Today, I would revise this slightly:
Your avatar can carry around its terms and conditions. Instead of the responsibility lying with US to agree to the terms and conditions of virtual spaces, the onus should be on the SERVERS. I want servers...I want the spaces in the Metaverse, to agree to MY terms and conditions, and not the other way around.
And so my avatar does a handshake before entering a virtual space in the Metaverse. The space itself either agrees to my terms and conditions OR presents a counter-offer.
Imagine you have set your "permissions" to exclude violence, eye gaze tracking, or access to personally identifiable data. The server can counter-offer: "OK, but I need your name in order to let you participate in this educational event".
You can agree (or not). But your agreement happens in a very clear and granular way. You don't need to read a wall of text because the server was obliged to read YOURS and to only highlight the exclusions.
And this all becomes possible with the blockchain - a public ledger of these brief contracts between ourselves and the virtual worlds we visit.
The Metaverse Doesn't Need to be the Web
Theo Priestley recently asked whether Tim Berners-Lee new privacy initiative could be adapted for the Metaverse.
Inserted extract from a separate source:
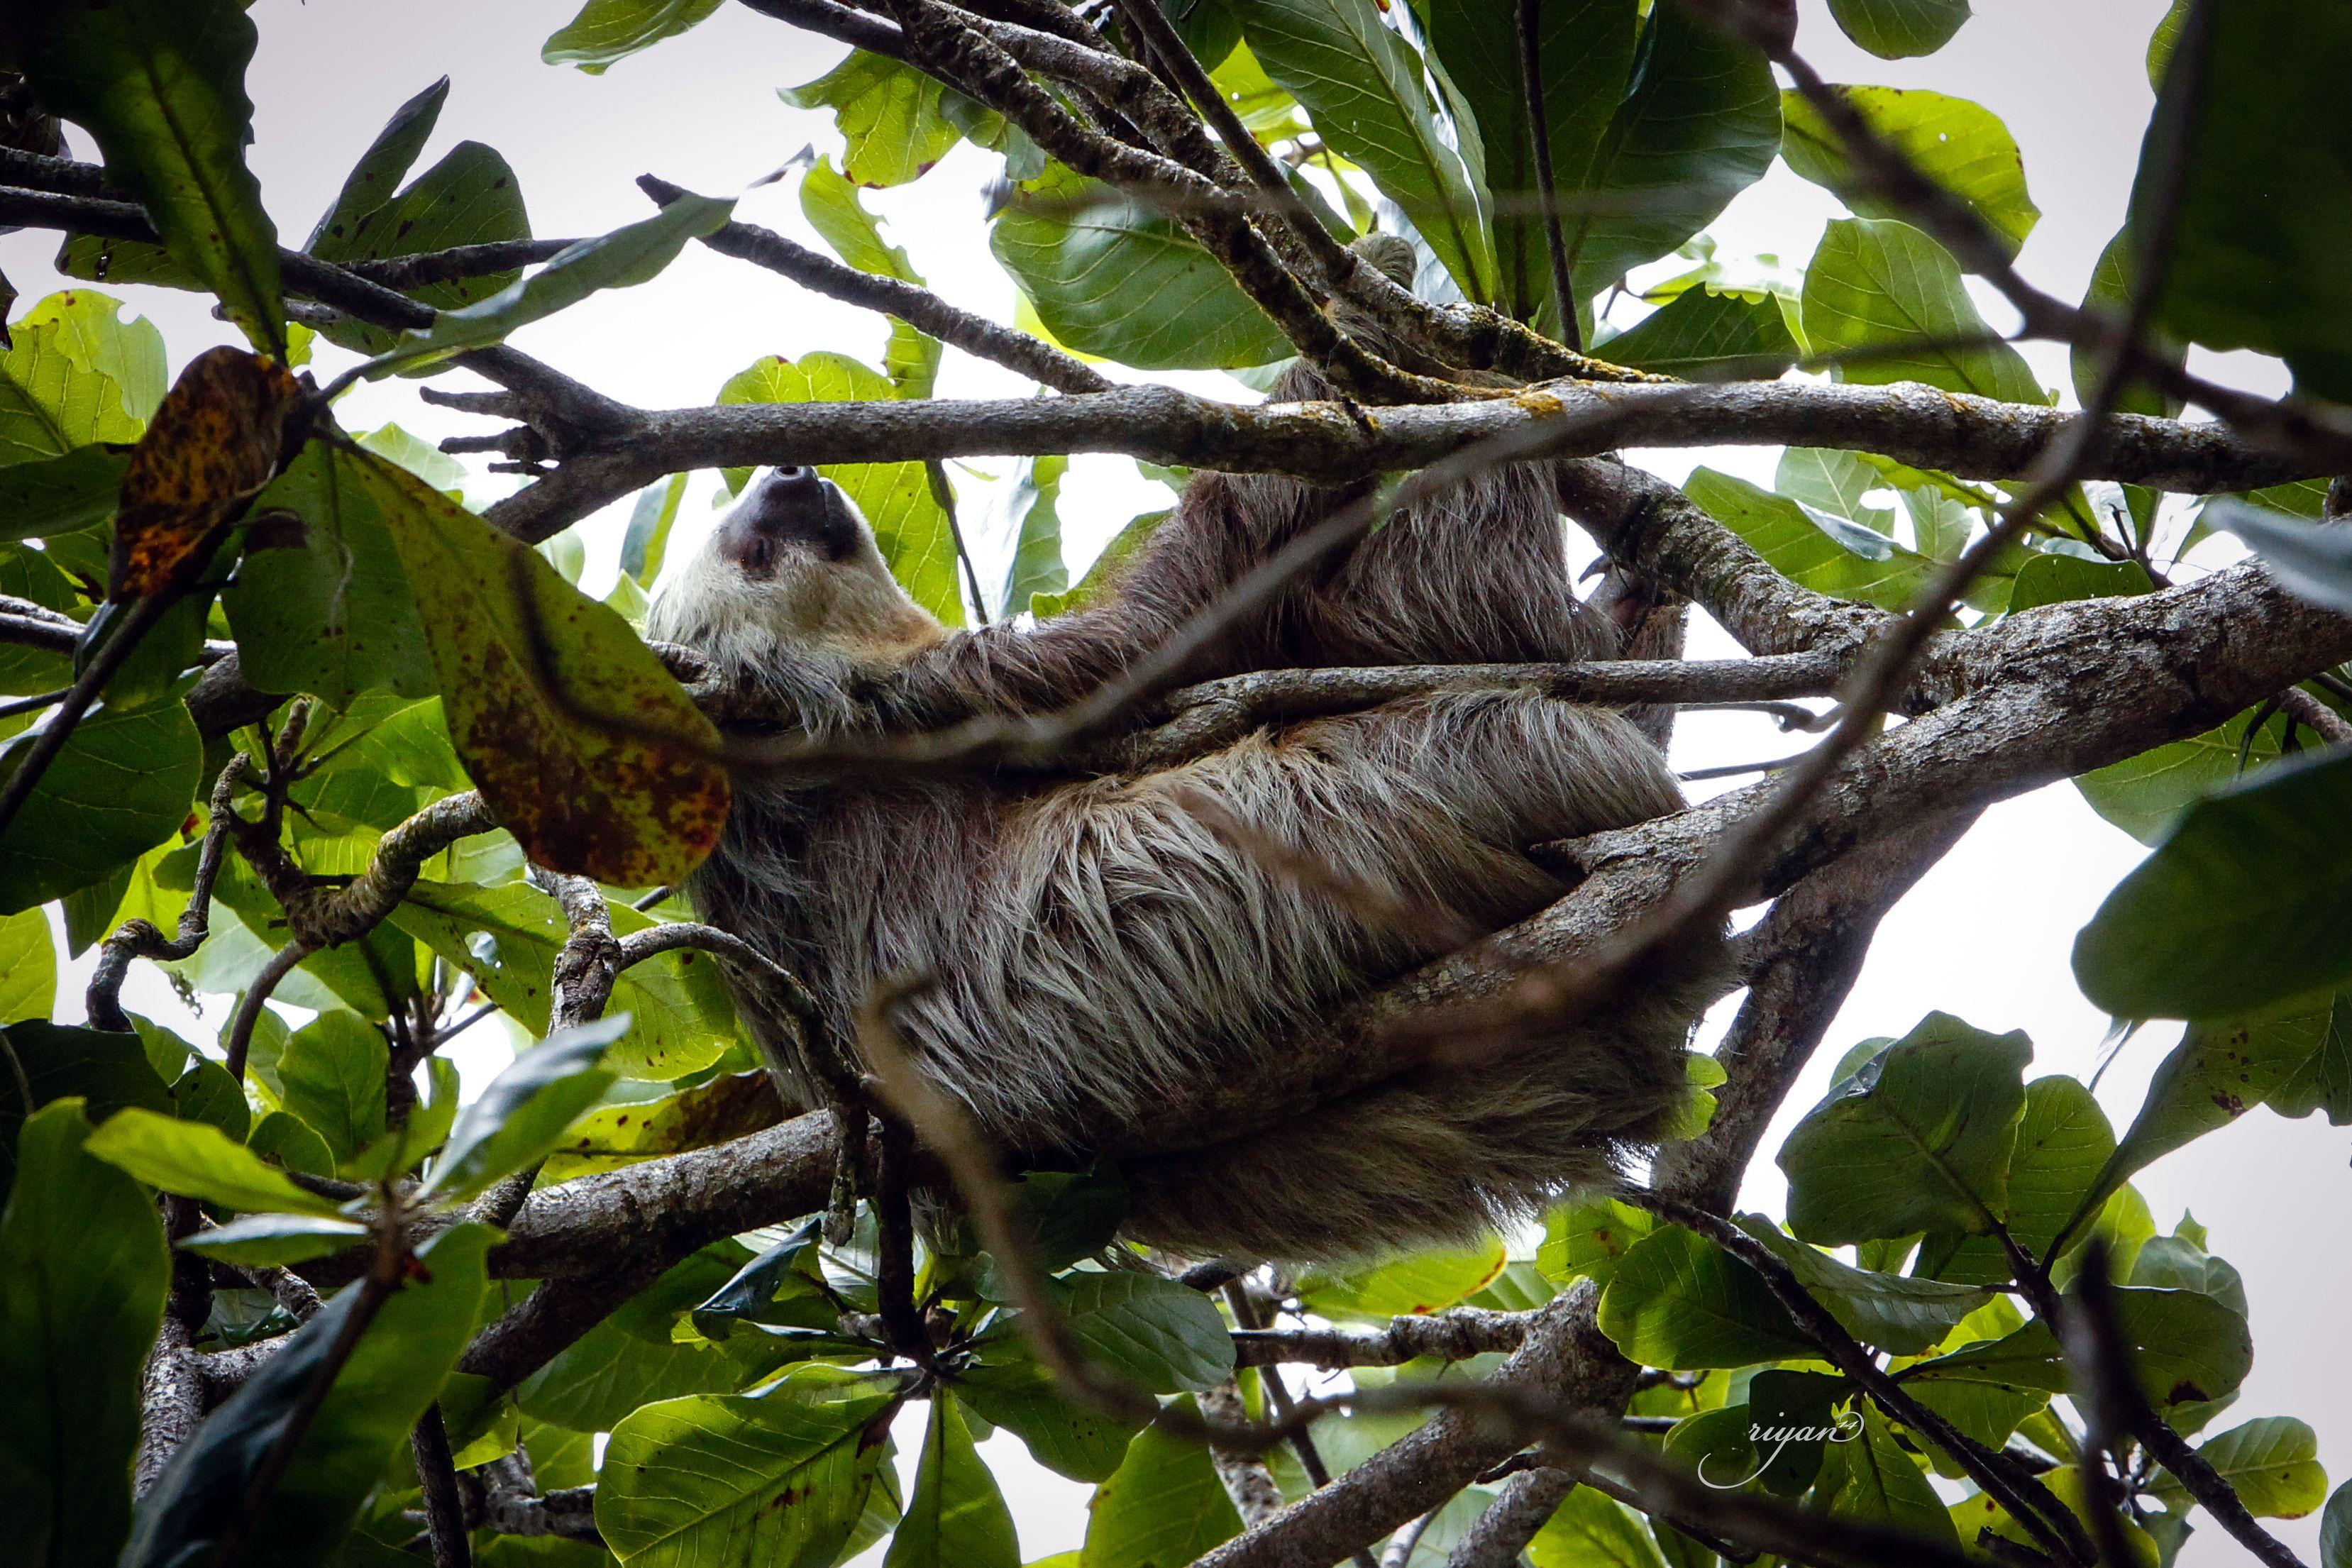 Sloth - Cahuita

Which is another way to say: one the main inventors of the web got it wrong in the first place.
As we move towards interoperability between virtual worlds, and the Metaverse becomes manifest, we don't need to port over all of our old assumptions.
What's perhaps most exciting about NFTs and blockchain is the underpinning value of decentralization and methods for trust. (There are downsides to all of this, but I'll leave that for now).
If, however, we stil 'centralize' permissions, even at the micro-level of an individual server (much like how a Discord server can have its own community standards), we'll find ourselves clicking "I AGREE" a lot....again.
Terms of Service, community standards, privacy policies - they will all still be OUR responsibility to read. And let's face it: we don't.
Maybe it's time to flip the script.
Our avatars can be more than social signals. They can contain our list of demands, and it will be up to the servers to meet our demands, instead of the other way around.